What guides do you have in mind? I understand your comments it ultimately relies on what your use to and comfortable with. They use to cast over the Astrodome imaging that? I met the champ or so I was told on Galveston fishing pier his reel seat was a foot from the butt.


----------



## 01milburnsc (Aug 16, 2006)

Fuji - BNLG hardloy or PacBay - BTVHG hialoy.

Also thought of going with some single foot toward the tip to leave some action for loading, and reduce a little weight.

That's kind of what I was thinking for the butt length. Haven't tried it yet of course.


----------



## gordaskipper (Feb 26, 2010)

*Guides and spacing*

There always some forgiveness in taller guides they sit up higher off the blank especially for spacing as you had concerns about that...I don't usually build spinning rods if I do they are short and one piece. As you mention weight can become an issue if too many guides are used obviously. 

As talked about here by others you have to load your blank up with guides attach the reel you're going to fish with provided you should have that section built. Here is what I do: I tie my line to a bumper hitch tighten the drag all the way down and look at guide spacing by lifting really hard. I don't like to see a sharp angle on my rods one extra guide could fix... so this planning is critical.

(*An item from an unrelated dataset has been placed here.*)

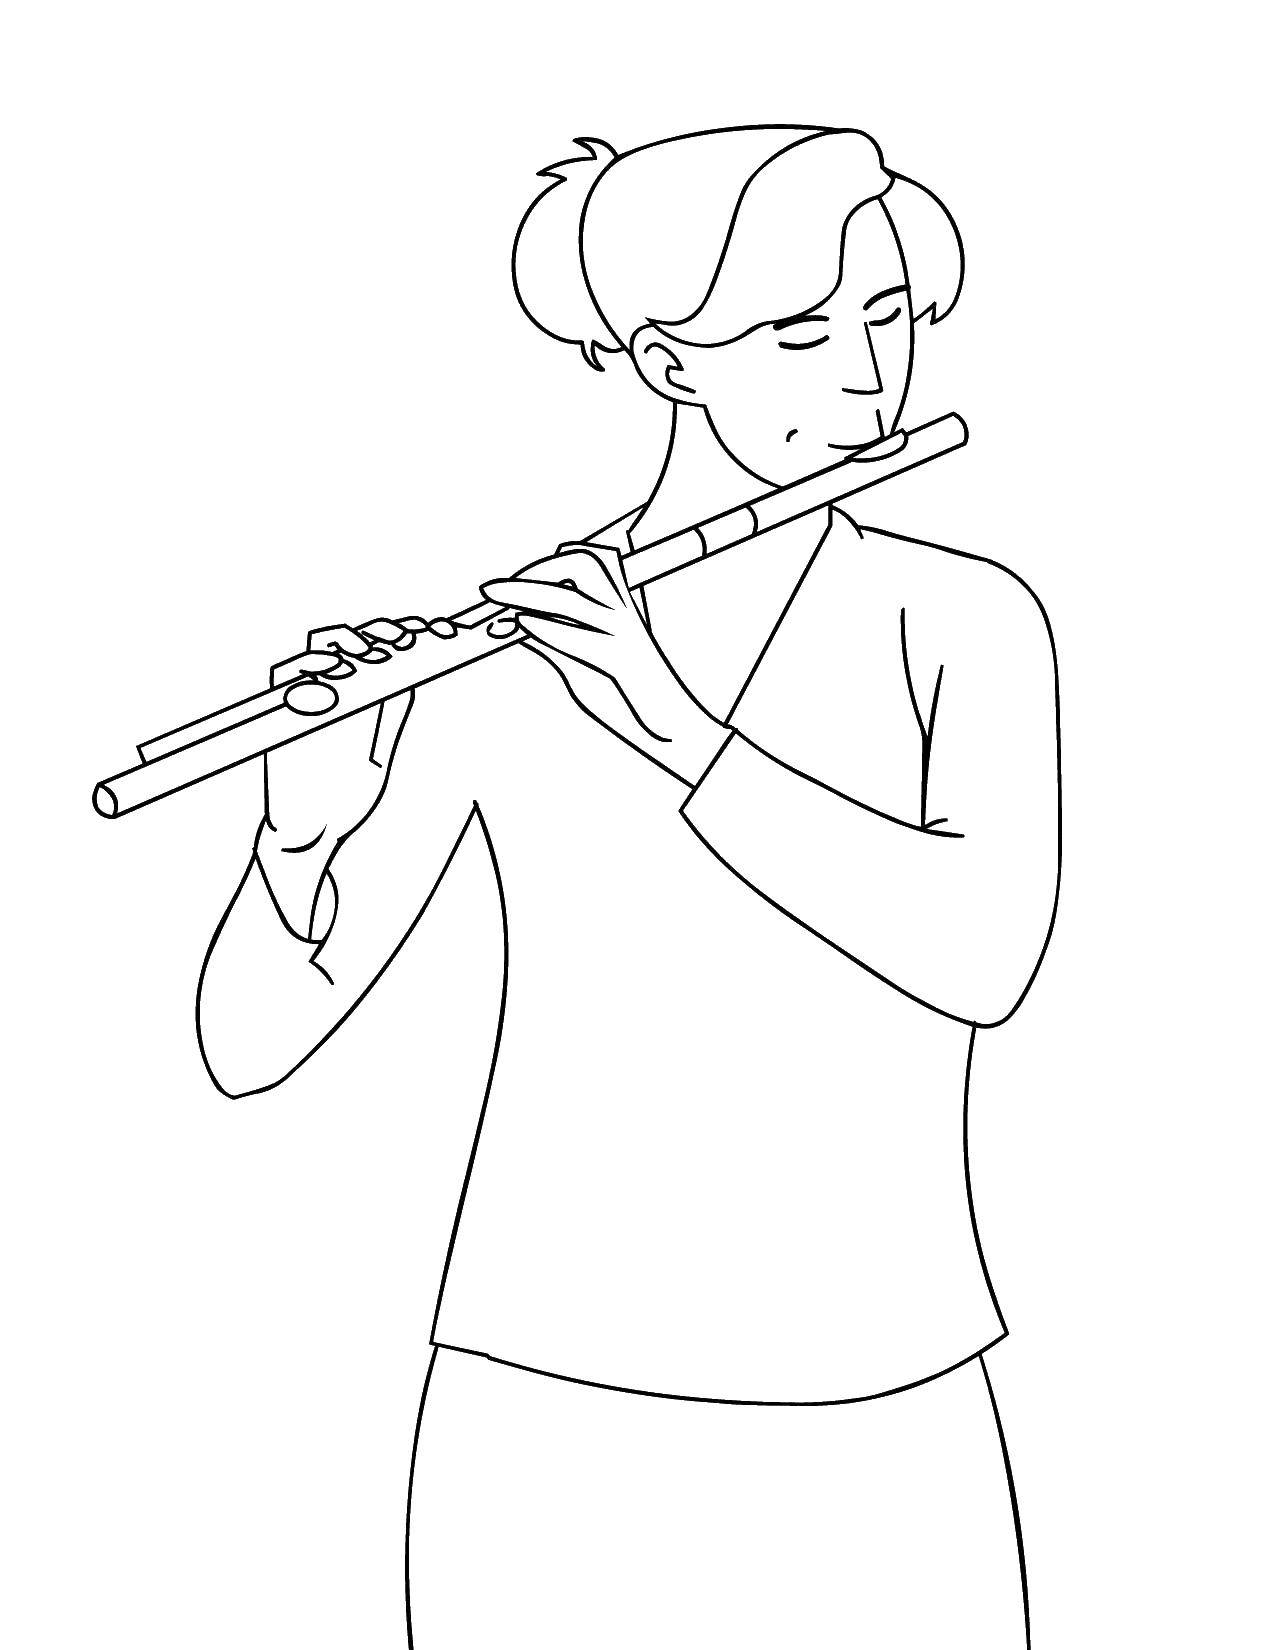 Название: Раскраска Девушка играет на флейте. Категория: Музыка. Теги: Музыка, инструмент, музыкант, ноты.

I don't build rods of your type however if you use braid Hialoy material would not be my choice of ring unless it is budgetary... nor would using single foot guides they are fragile for a surf rod IMO. Maybe someone else has more experience and can chime in? This is a spinning rod so not sure of cause and effect?

I'm currently building a Tuna spinning rod for on a Calstar GF775XH with Fugi TitaniumTKWSG guides and the roller guides and tip...sounds crazy huh? pics to come


----------